Genetic Engineering is the process of manipulation of an organism’s genes. The process involves Recombinant DNA, which is bringing genetic material from multiple organisms and creating a sequence that would not be otherwise found in the genome. Recombinant DNA has many positive effects and it has produced medications such as vaccines, antibiotics, and allergens. Genetic Engineering is not only limited to DNA because Genetically Modified foods can also be produced from these methods. Genetic Engineering is used in fields such as medicine, industrial biotechnology and agriculture. In the Genetic Engineering of crops there are many risks factors involved. From these risks, objections have been raised that foods derived from the Genetically Engineered crops are unsafe to eat and the cultivation of these crops will harm the environment. Genetic Engineering possesses the possibility to carry certain risks to human health, however it also introduces a higher probability of benefits to nutrition values.

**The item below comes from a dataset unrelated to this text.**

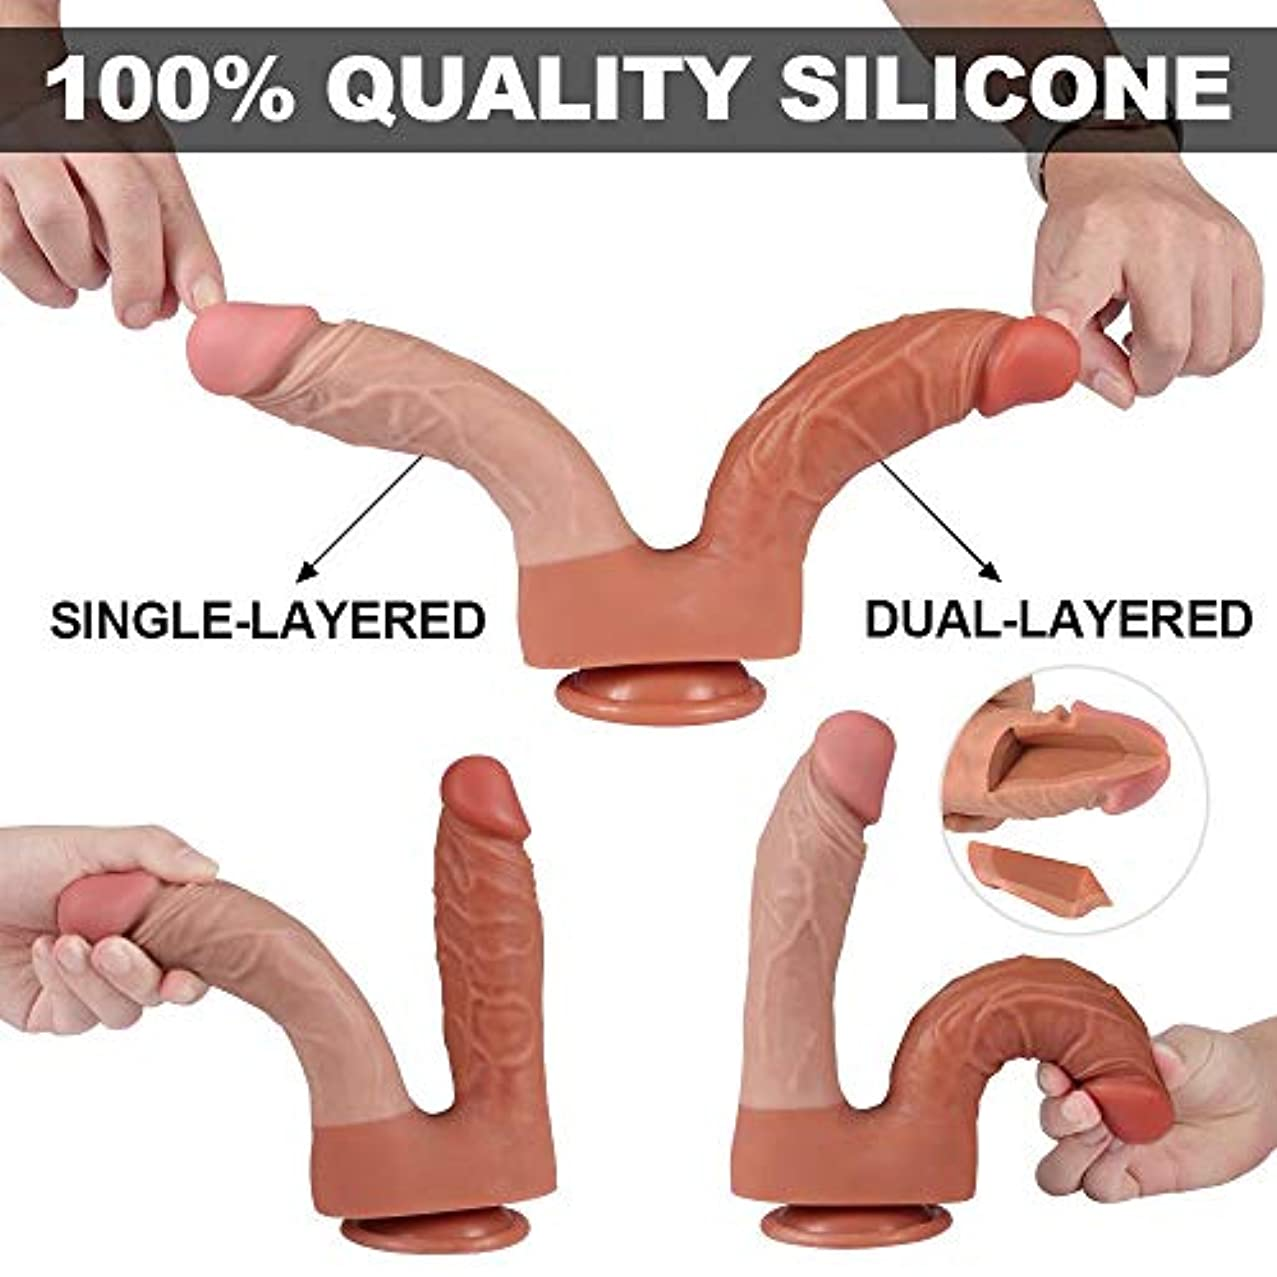 フリース塗抹読みやすいY-angcco6 ソフトで柔軟なダブルヘッドマッサージSEおもちゃ女性カップル - 100%秘密のパッキング

Genetic Engineering is a step into the future because of all the possibilities that are brought up by recombinant DNA. With the estimates indicating that the world population will climb above 7.5 billion by the year 2020 and 9 billion by 2050, the benefits of GM crops seem critical to producing the quantities of crops necessary for worldwide nourishment (Metcalfe). Recombinant DNA technology offers a powerful new tool to assist plant breeders to produce crops with improved characteristics, such as insect resistance, disease resistance, herbicide tolerance, and climatic tolerance, as well as with enhanced consumer benefits, such as improved flavor and texture, longer shelf life, and added nutritional values. When crop yields become predictable, then the food supply would become predictable as well. This gives the ability to provide well rounded nutrition abilities. These improved characteristics are essential for the future because the population of the world is highly likely to increase.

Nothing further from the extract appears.